Physical Address

304 North Cardinal St.
Dorchester Center, MA 02124

Research leaders urges technology industry to monitor AI “thoughts”


IA researchers from Openai, Google Deepmind, Anthropic and a large coalition of companies and non -profit groups call for a more in -depth survey on the techniques of monitoring so -called models of reasoning in AI in a Post the paper Posted Tuesday.

A key characteristic of AI reasoning models, such as O3 of Openai And DEEPSEEK R1are their thought chains Or COTS – An outsourcing process in which AI models work through problems, similar to the way humans use a scratch pad to cross a difficult mathematical question. Reasoning models are a basic technology to supply AI agents, and document authors maintain that bed surveillance on the bed could be a basic method for keeping AI agents under control as they become more widespread and capable.

“COT monitoring has a precious addition to security measures for border AI, offering a rare overview of how AI agents make decisions,” said the researchers of the position document. “However, there is no guarantee that the current degree of visibility will persist. We encourage the research community and frontier AI developers to make the best use of COT monitoring and to study how it can be preserved. ”

The position document requests the main developers of AI models to be studied which makes the cots “surveillance” – in other words, what factors can increase or reduce transparency in the way in which AI models really come to responses. The authors of the document say that surveillance of the bed bed can be a key method to understand the models of reasoning on the AI, but note that it could be fragile, warning against any intervention which could reduce their transparency or their reliability.

The authors of the document also call the developers of AI models to monitor COT monitoring and to study how the method could one day be implemented as a safety measure.

The notable signatories of the newspaper include the director of research of Openai, Mark Chen, the CEO of the Surintiffentnce Safe Ilya Sutskever, the winner of the Nobel Prize winner Geoffrey Hinton, the co-founder of Google Deepmind Shane Legg, the security adviser Xai Dan Hendrycks and the co-founder of the machines to think John Schulman. The first authors include leaders of the United Kingdom AI Security Institute and Apollo Research, and other signatories come from Metr, Amazon, Meta and UC Berkeley.

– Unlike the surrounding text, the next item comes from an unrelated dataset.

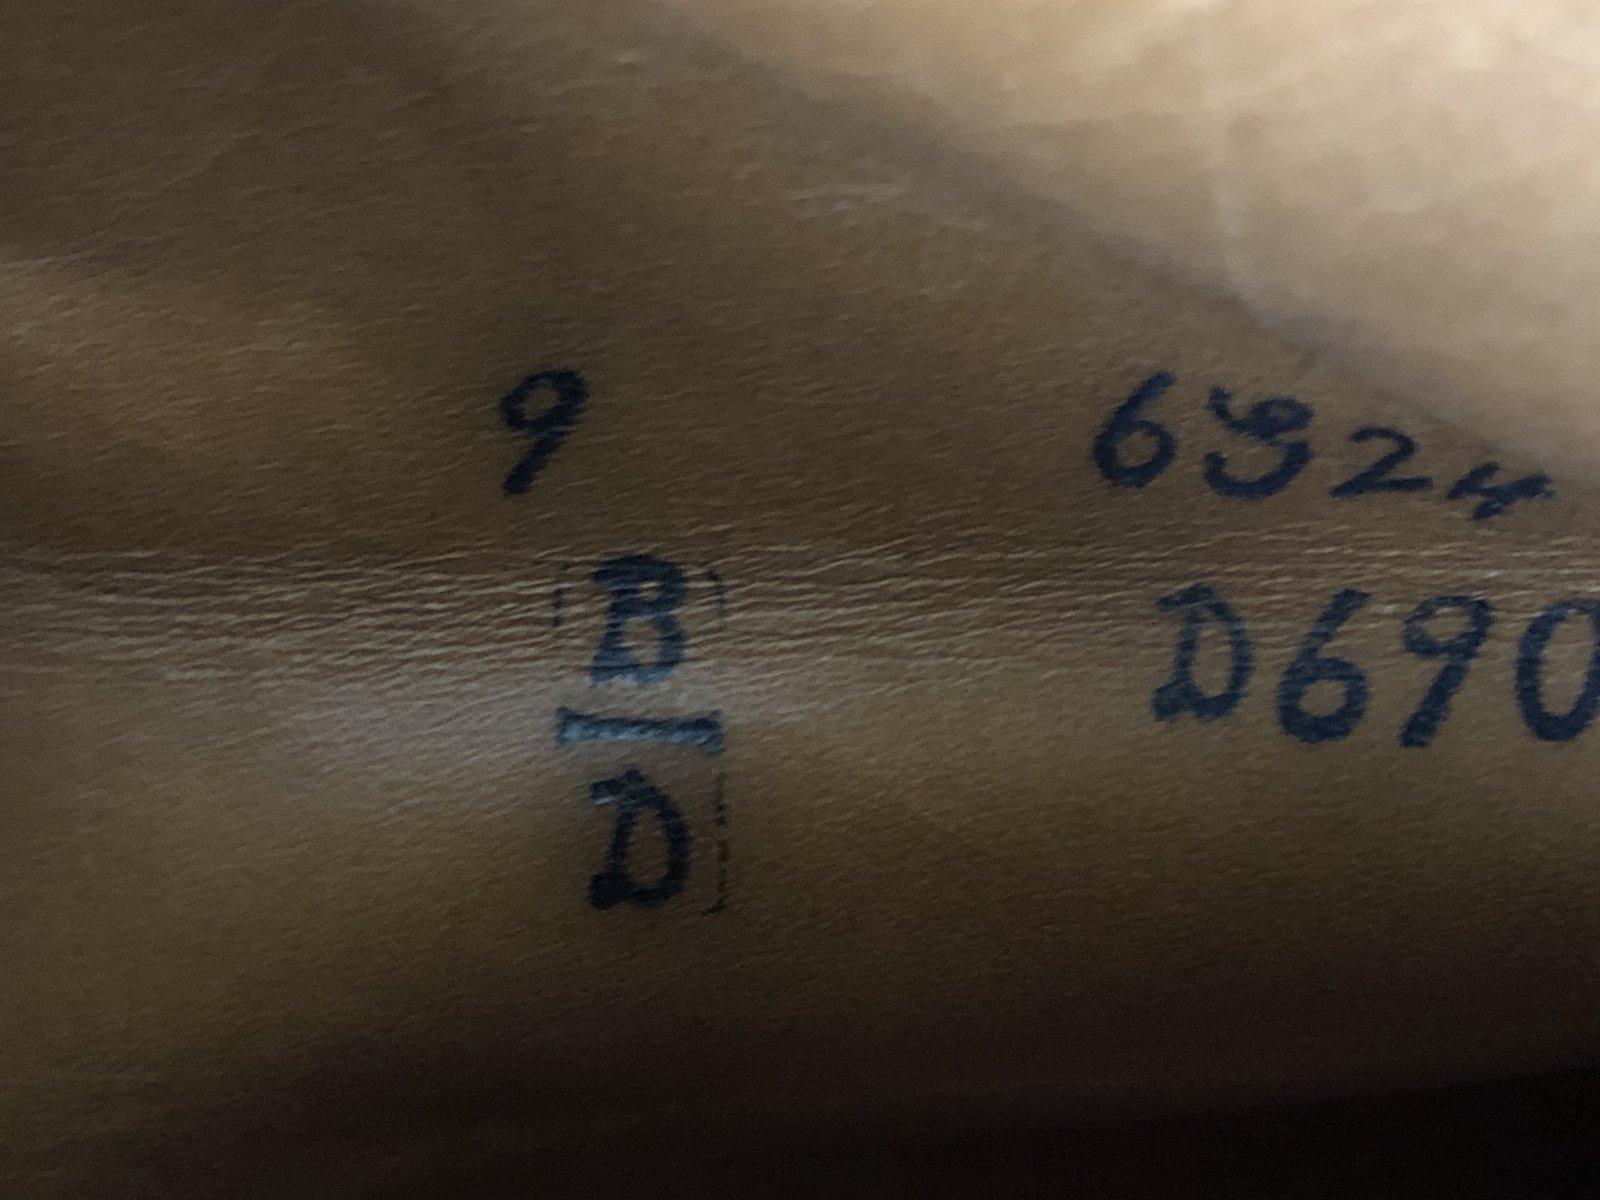 7AD74A49-7553-4133-B95A-4B69FDE40628.jpeg

The newspaper marks a moment of unit among many AI industry leaders to try to stimulate research on AI security. This comes at a time when technological companies are taken in fierce competition – which led Meta to poach the best researchers D’OPENAI, Google Deepmind and Anthropic with offers of a million dollars. Some of the most sought after researchers are those who build AI agents and AI reasoning models.

Techcrunch event

San Francisco
|
October 27-29, 2025

“We are at this critical moment when we have this new thing from the chain of thoughts. It seems quite useful, but it could disappear in a few years if people do not really focus on it,” said Bowen Baker, an Openai researcher who worked on the newspaper, in an interview with Techcrunch. “Publishing an article of position like this, for me, is a mechanism to obtain more research and attention on this subject before it occurs.”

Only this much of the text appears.